When a patient is transferred from a community hospital to an acute care setting, the nurse is expected to take the lead.
Critical care transport nurses must be capable of rapid patient assessment and have a working knowledge of various treatment modalities.
In New Jersey, law mandates patients must be transferred on a critical care transport ambulance if they need more assistance than can be provided on a basic life support ambulance. BLS ambulances are staffed by two emergency medical technicians and are capable of transporting most patients who require oxygen and vital-sign monitoring. But more intensive patients require transport on a critical care transport ambulance with an RN on board.

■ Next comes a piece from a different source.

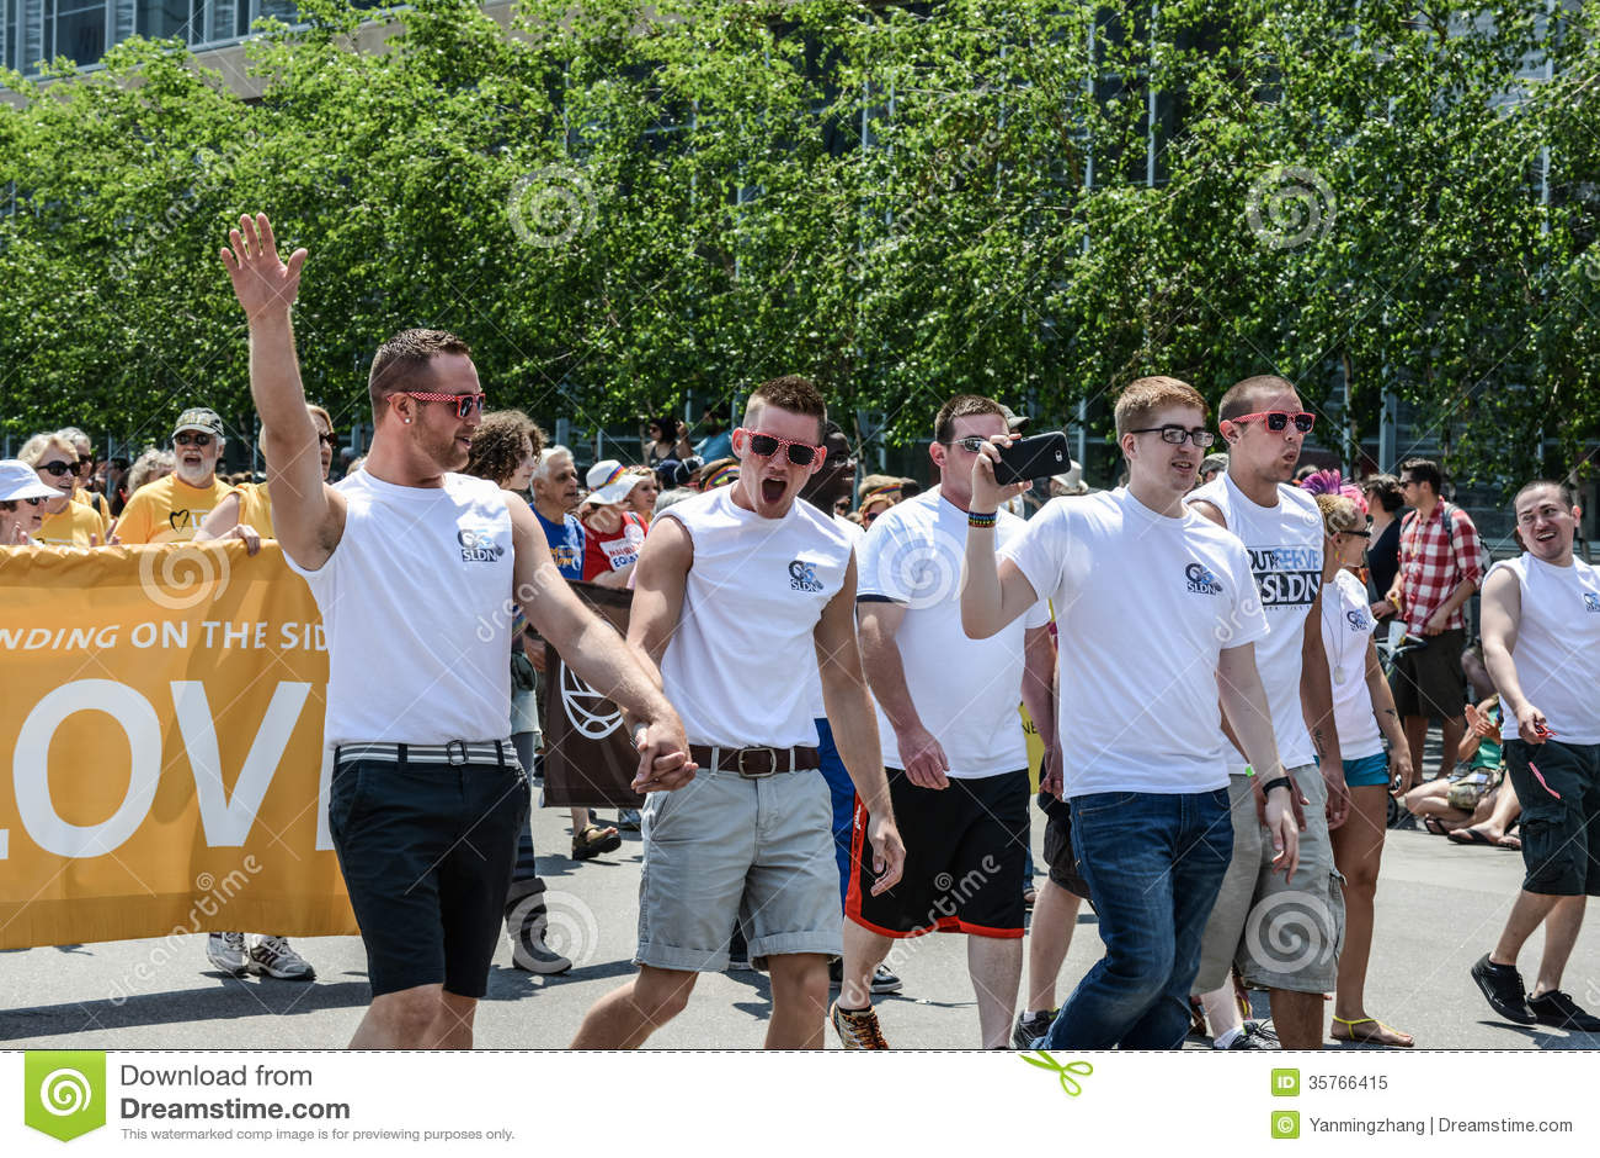 silicon valley gay clubs

CCT ambulances are equipped with a cardiac monitor, IV pumps, and ventilator as well as intubation, airway and medication administration equipment.
“Often when working in a hospital there are other nurses, physicians and respiratory therapists available to assist if your patient becomes unstable,” said transport nurse Heidi Spaanstra, RN, EMT-B, a critical care nurse with LifeStar Response of New Jersey. “When it’s just an EMT and yourself in the back of an ambulance, you must be adequately trained and prepared for almost any situation.”
The inter-facility critical care transport team includes one or two EMTs and a New Jersey-licensed RN who has maintained ACLS and PALS certification and critical care experience, according to the State Office of Emergency Medical Services.
“When I get on the ambulance at the beginning of my shift, I’m never quite sure where my job will take me throughout the day,” Spaanstra said. “The possibility exists to transport patients who are ventilator-dependent, require neurological monitoring, must be observed using a cardiac monitor or have running IV medications/fluids.”